Relapse: Stepping Forward, Stepping Back

relapse: to fall back or revert to an earlier point (Webster’s Dictionary, 1991)

In any form of recovery the word relapse is a scary word. We try to avoid it like the plague. It becomes a “bad” word. Yet, it is completely unavoidable. There is no way around relapsing. It happens. The thing about relapses is that the farther along one is in recovery, the less frequent they become, the episodes may be shorter (an hour or two, maybe just one day not a week), and how we approach them changes (we are kinder to ourselves, we have our toolkit, support buddies, etc…).

When I first started recovery a little over two years ago I wrote relapsing on my FEARS list. In red ink it says: relapsing…leaving therapy/quitting it…recovery in general…among other fears. Relapse was scary to me because I interpreted it as a lack of control and that I was a failure at recovery (and ED’s LOVE to jump on the failure bandwagon). Also, I had no idea what to expect. My relapse could be anywhere from a simple day of over exercising, skipping a meal, counting/measuring my food intake, negative thoughts, weighing myself multiple times a day, looking at Muscle and Fitness or other NPC mags, taking extra fiber pills or laxatives; and how would I react. So much unknown.

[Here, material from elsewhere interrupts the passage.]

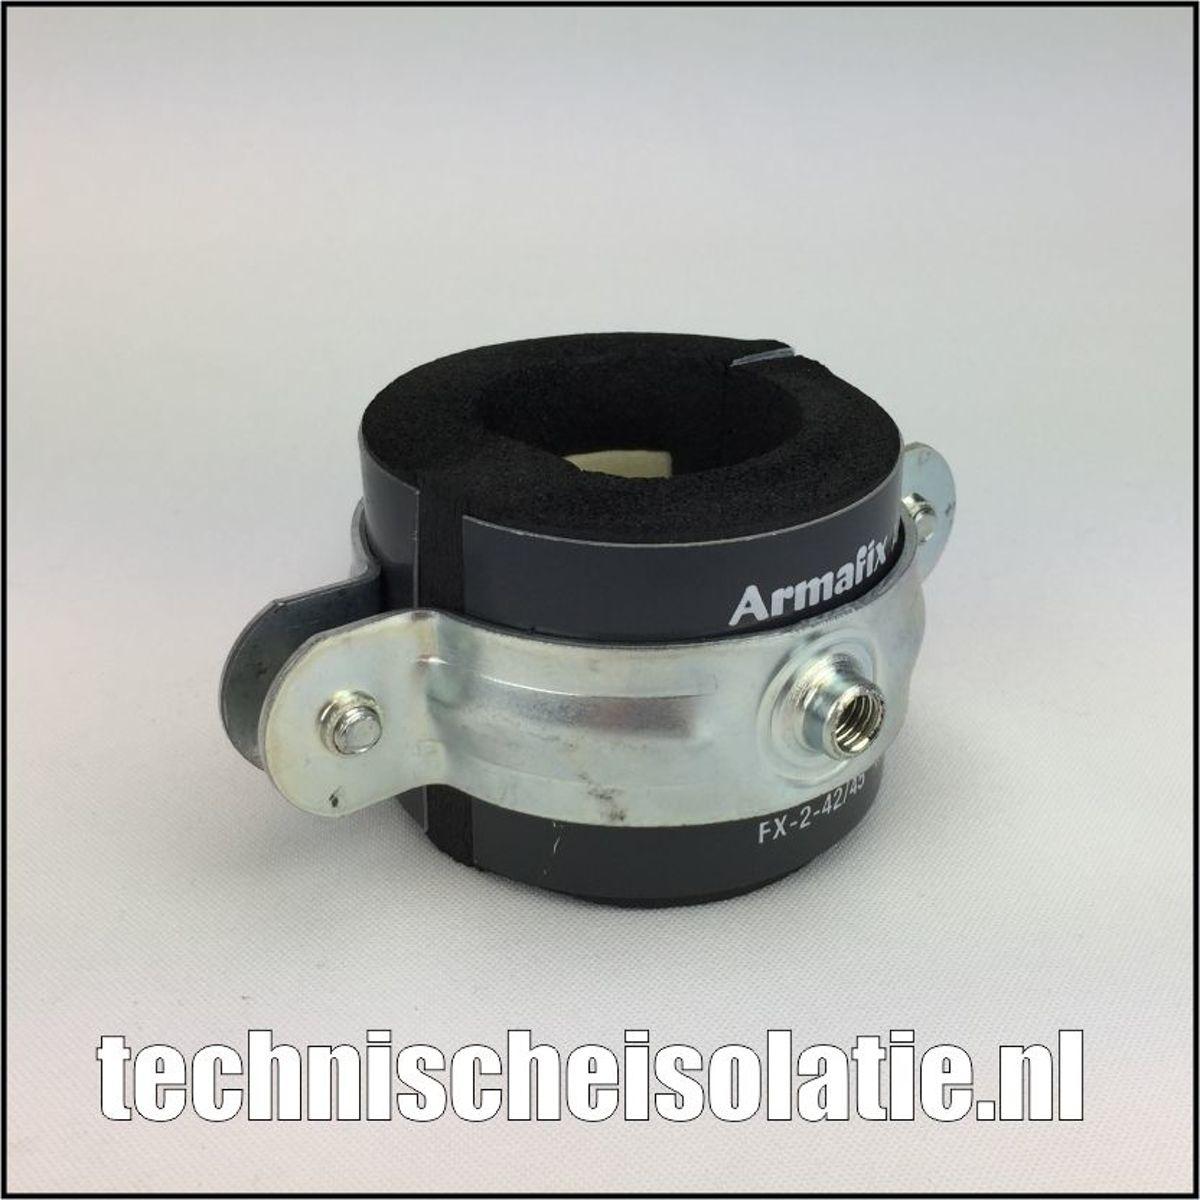 Armafix leidingdragers, type FX-2-048K - 5 sets kopen

Compound this on top of being a perfectionist and relapse is a super bad word/concept/idea/situation. In the perfecitonistic style  you approach recovery this way even though you are suppose to decrease these tendencies and be gentle/kid/loving to yourself. Instead you avoid anything that has to deal with relapse. While doing so, you relapse. It is inevitable to avoid a relapse. Something happens, you can’t cope and BAM you are in a relapse. Your first relapse is scary. You don’t know what to do. It can last for days! Maybe a week. Maybe two. You cry out to your therapist and support buddies for help. Finally it is over. You survived your first relapse. Like anything else, the first one is the hardest. Then maybe a week later you have another one. Another freak out, another cry out. This cycle keeps happening. You are learning to navigate this new life without another person who lives inside of you telling you how to live your life and you don’t know what to do. As time goes on you do know what to do. You have found your own personal recovery relapse tool kit. A blue print. Maybe you can feel a relapse coming on so you call a buddy. Maybe you do some yoga and meditate on positive thoughts. Or you have the ability to make a quick call to your therapist. Anything. You feel strong, empowered. Relapse can’t get you down.

Just as you think you are doing great it has been quite some time since a relapse then out of the woods a relapse comes upon you. Except this time, you are letting your ED in. He/she is coming back to roost. At first you try your tools. You call a buddy, go to therapy, chant a mantra, but nothing works. Then this feeling of laziness, comfortableness, the friendship of your ED comes back and the relapse lasts. It doesn’t stop. You can’t get it go away so you decide to let it be and have a picnic with you. Those scale weighing fits, the laxative abuse, the negative talk/thought conversations, the weighing/measuring/counting, the binges of exercise, hating everything you eat, obsessive “fat talk”  is your life again. And you just don’t… know… what…to… do….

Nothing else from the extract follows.